April 11, 2016

Statement at United Nations CCW Expert Meeting on Lethal Autonomous Weapon Systems

By Kelley Sayler, and Paul Scharre

As we enter our third year of discussions on lethal autonomous weapons, I would like to applaud states for their continued engagement on this important topic as well as offer some thoughts for consideration.

There has been an emerging view that, in addition to looking at technology, we ought to focus on the role of the human in lethal engagements. We share this perspective. Technology changes. In the field of machine intelligence, the past few years have seen rapid progress. Arguments in favor of banning weapons based on the state of technology today make little sense. What if technology improves? Could some of the same sensors and autonomy that can allow a self-driving car to avoid pedestrians be used to avoid civilian casualties in war? Perhaps. We should not preemptively close ourselves off to opportunities to decrease human suffering in war.

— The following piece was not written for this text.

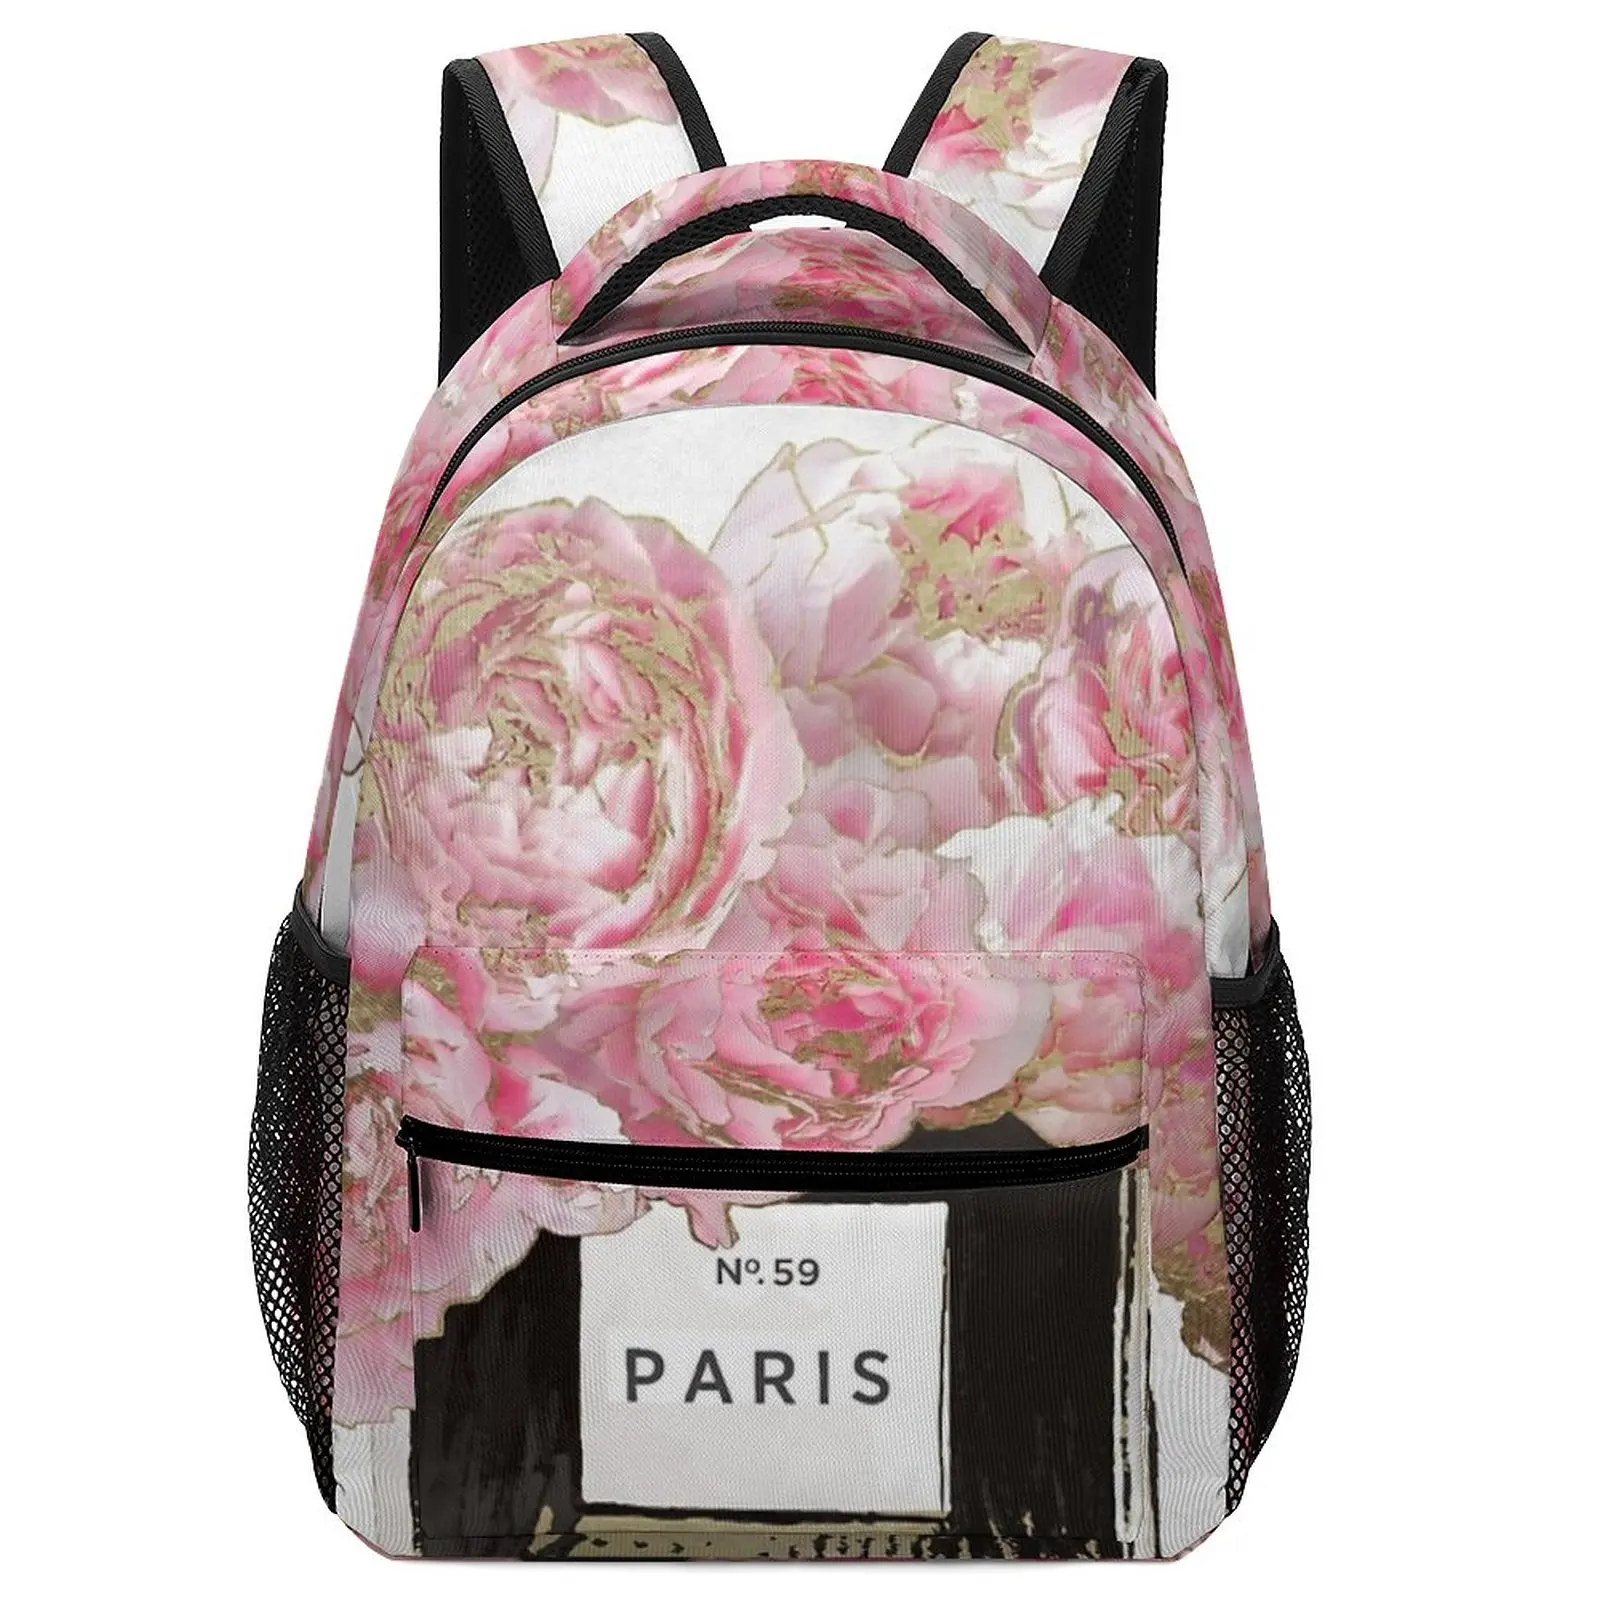 New Art Pink Scented Female Bag for Kids Girls Men School Bag Backpack Child Mother Name Customizable
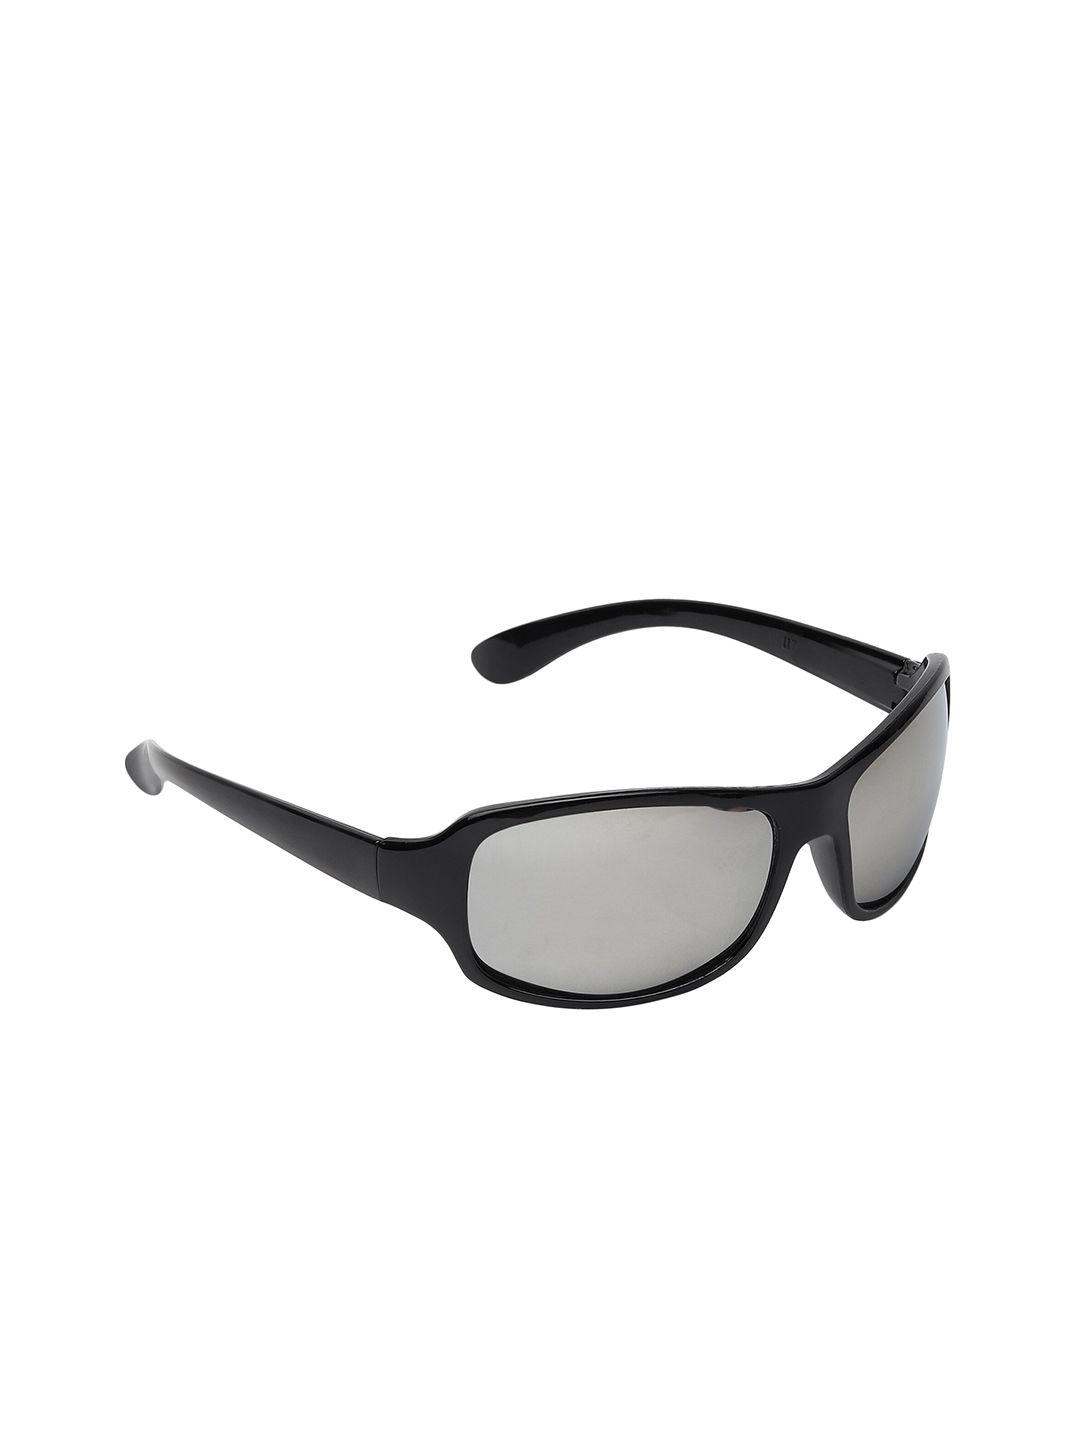 garth unisex grey lens & black sports sunglasses with uv protected lens 2053_grymer_grt

Humans’ obligations under IHL do not change, however. Humans are bound to ensure their actions are lawful. This imposes certain criteria on the extent to which humans must remain engaged in lethal decision-making.

Humans must have sufficient information about the weapon, the targets, and the specific context for action and sufficient time to make an informed decision that engagements are lawful. In addition, because weapons are tools in the hands of humans and not combatants themselves, humans must retain the ability to determine when those tools are no longer appropriate and engagements should cease. This does not mean real-time supervision of weapons or perfect information. That does not exist today for many weapons, such as cruise missiles. It does mean that autonomy must be bounded to ensure that failures, if they occur, do not lead to catastrophic consequences.

There is much work to be done to better understand the necessary role of human control and judgment in lethal force. Whether one uses the term “meaningful,” “appropriate,” or some other adjective, it is clear that continued human involvement in lethal force is essential. Rather than focus solely on what technology can and cannot do today, we ought to ask, if we had all the technology we could imagine, what role would we still want humans to play in lethal decision-making? What decisions require uniquely human judgment, and why?

Thanks very much for the opportunity to share these views.